### [Problem description]
Output only the stretch of the listing that starts at the line containing "72. 1st Time" and ends at the line containing "Express delivery solutions in Bhuvanagiri", reproduced exactly with both ends.

### [Provided records]
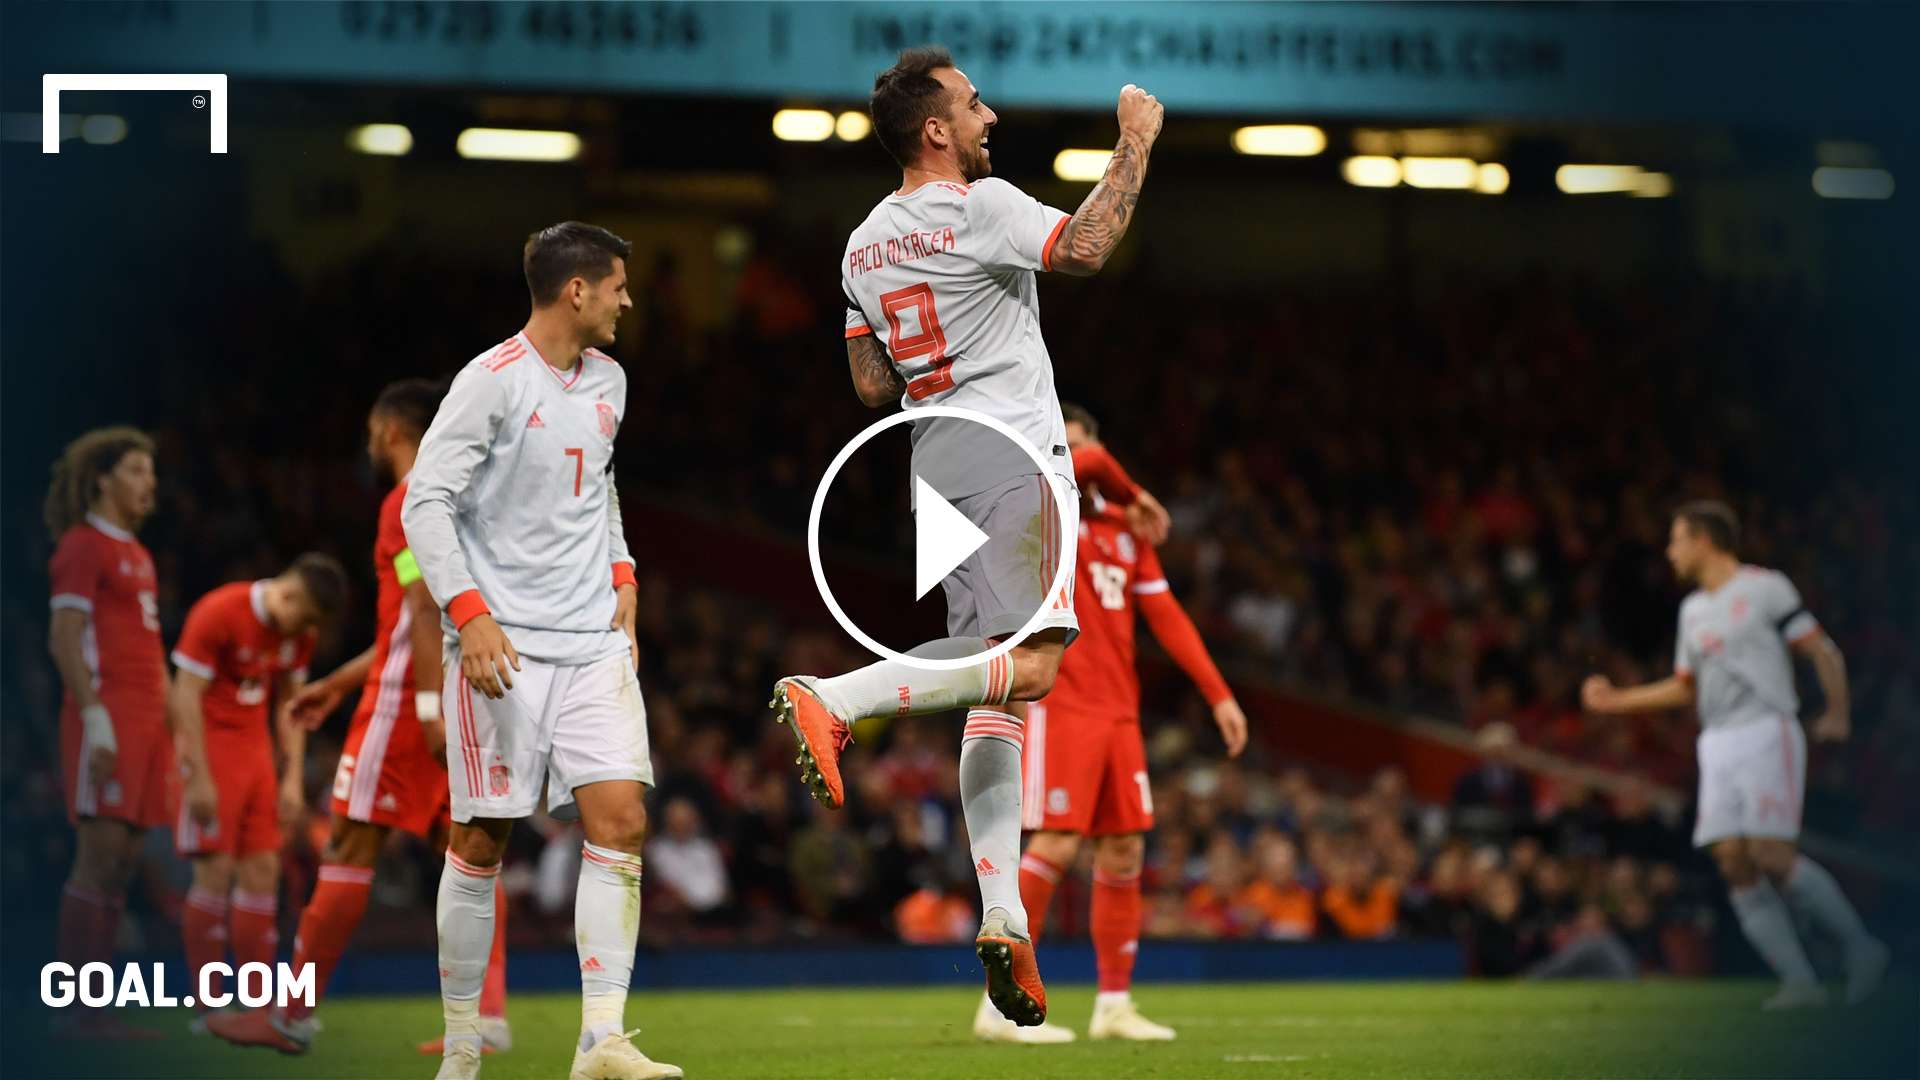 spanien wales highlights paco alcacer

* * *

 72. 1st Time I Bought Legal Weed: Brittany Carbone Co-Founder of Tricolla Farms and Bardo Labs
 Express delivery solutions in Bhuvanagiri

==

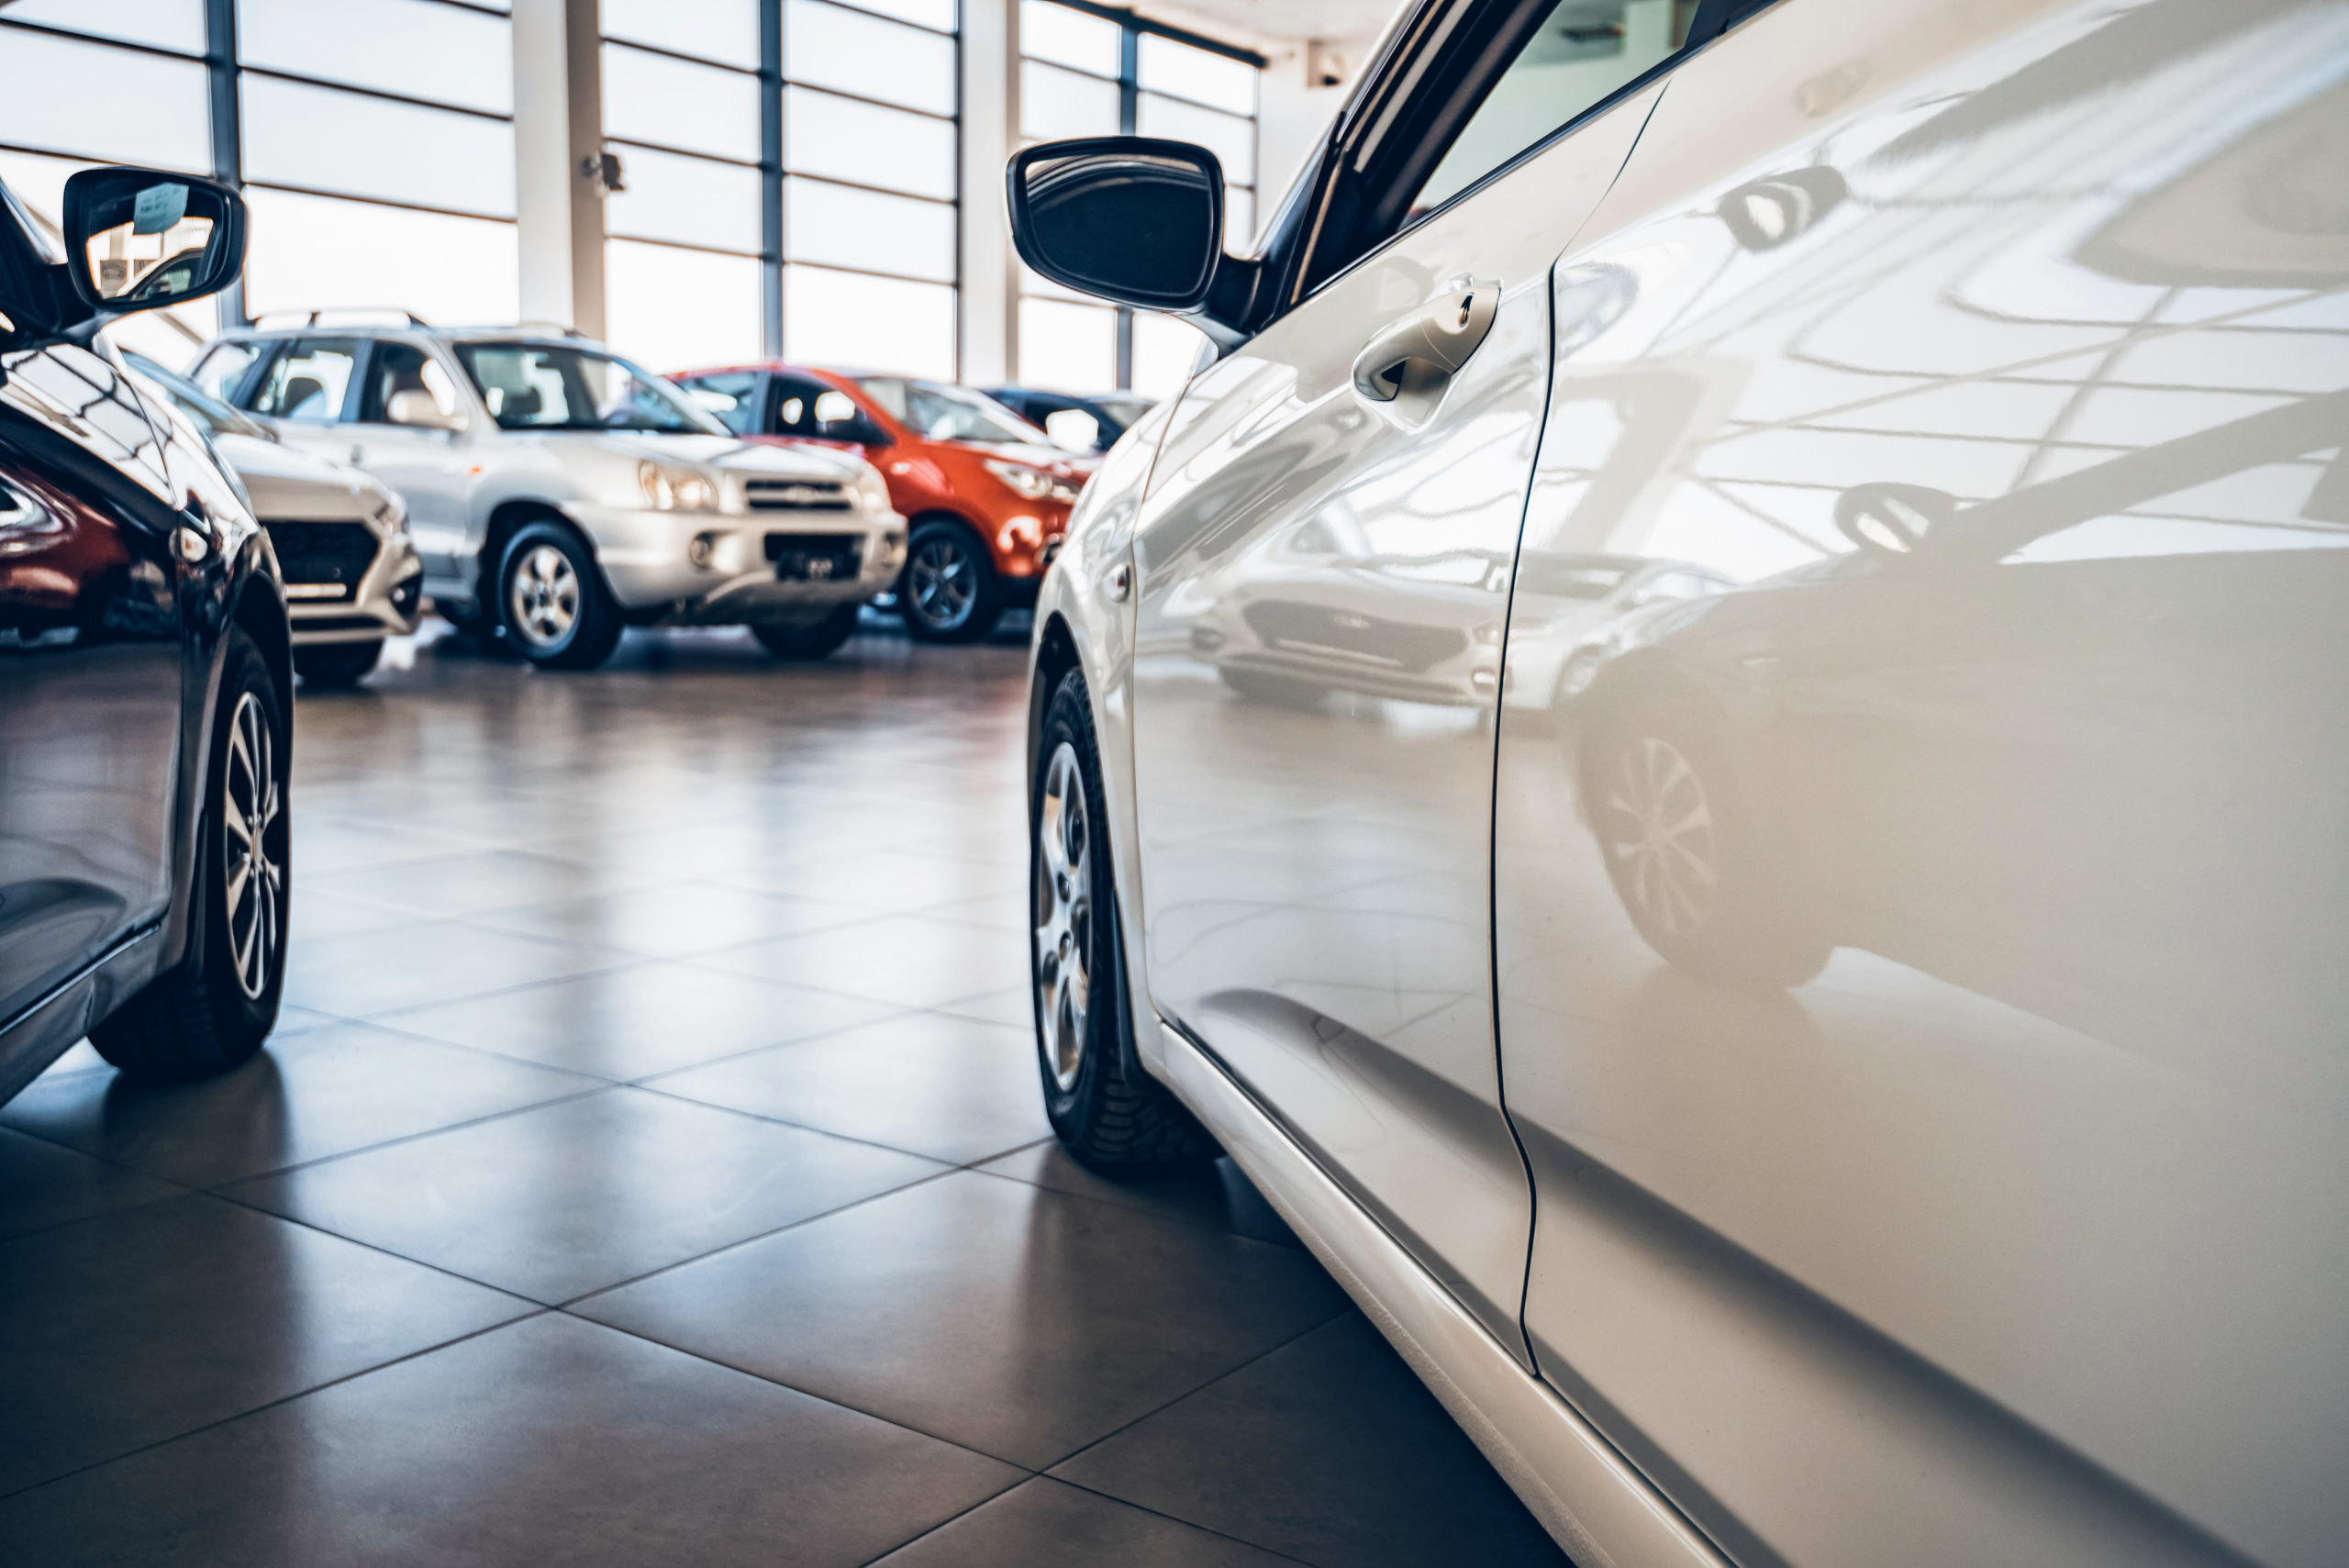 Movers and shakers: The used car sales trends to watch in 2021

### [Response to the exercise]
 72. 1st Time I Bought Legal Weed: Brittany Carbone Co-Founder of Tricolla Farms and Bardo Labs
 Express delivery solutions in Bhuvanagiri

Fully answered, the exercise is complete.